Due to involvement of a lymph node. Wedge resection and lymph nodes removed. I had 4 rounds of Amilta ? And Cisplatin. I had local recurrence after the chemo in lymph nodes in mid chest. No other areas . That was only app 9 months after original diagnosis. I will now have 6 wks radiation daily and 4 rounds. Possible Dr said 6 rounds.The chemo Taxol/ carboplatin low dose .. Is low dose chemo less like to help the radiation work rastherbthanbs regular dose ? ZI have asked your advice before and it us so appreciated...Thank you all for all the help...you give everyone... and thanks for any replies. M. M

merilee
Posts: 32

Sorry my question to try above is the medications etc pretty standard for local reinsurance re stage 2A..I have heard success rates are good. Which I am happy about though. Thank you. M M

catdander
Posts:

HI Merilee,

Low dose is pretty standard with radiation. There really isn't a standard of care for recurrent curative treatment but your plan sounds typical of what oncologists do that's been curative. Chemo doses are very often lessened for radiation because radiation can cause the chemo to be more potent and have worrying side effects. Original diagnosed curitive treatment with low dose chemo and concurrent standard rounds of radiation very often have curitive results, better so than full doses done separately.
The research show 4 rounds of chemo are as effective as 6 but many oncs give 6 rounds if the person can withstand is and many can. So it's kind of like a little more might get that last cancer cell but there really isn't any proof and many oncs feel it's not worth the side effects.

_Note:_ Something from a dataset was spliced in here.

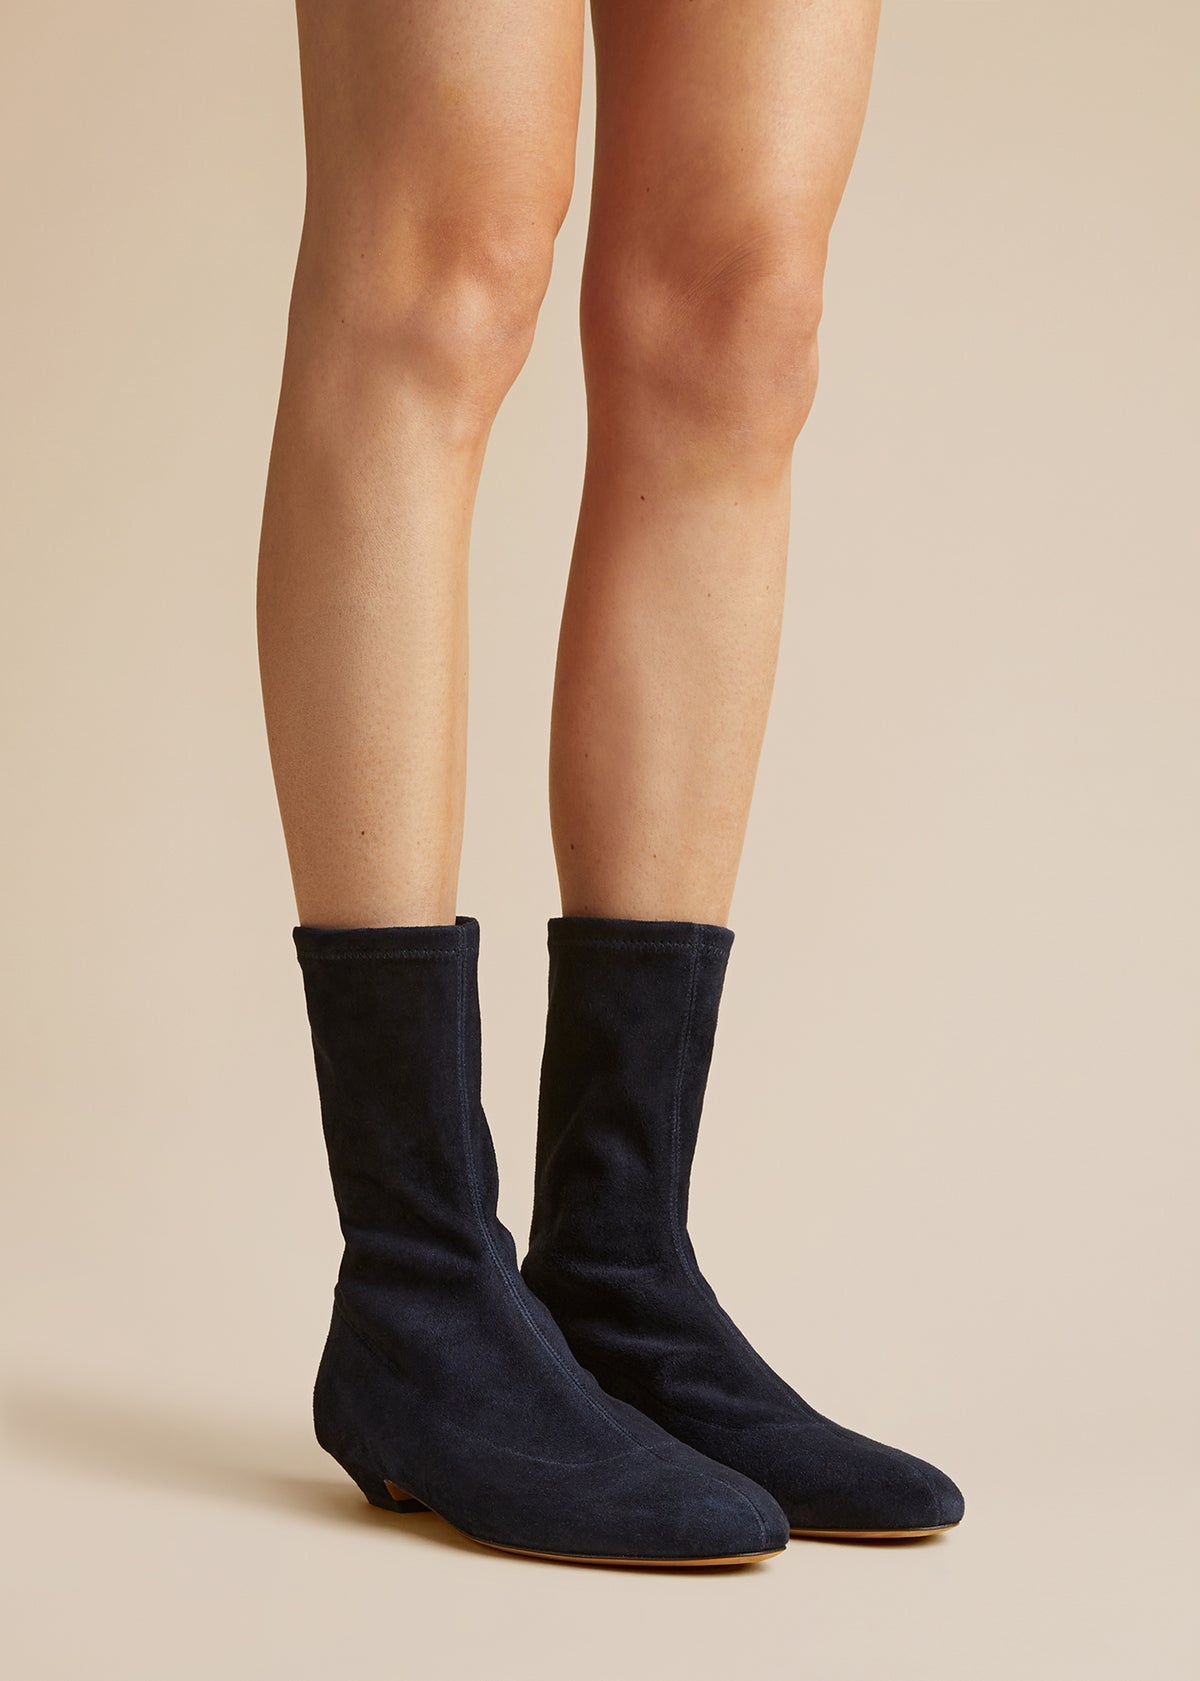 The Apollo Ankle Boot in Midnight Suede - 4

These decisions come in the realm of more art than science.

I look forward to hearing lots of good news and few to no bumps in the road :)
Janine

tanyadean
Posts: 4

Exposure to high level of radiation can cause serious health problems while the low dose rate radiation have been shown to have less side effects than the normal one. There are many studies that show low dose is some degree a protective effect against the other causes of cancer.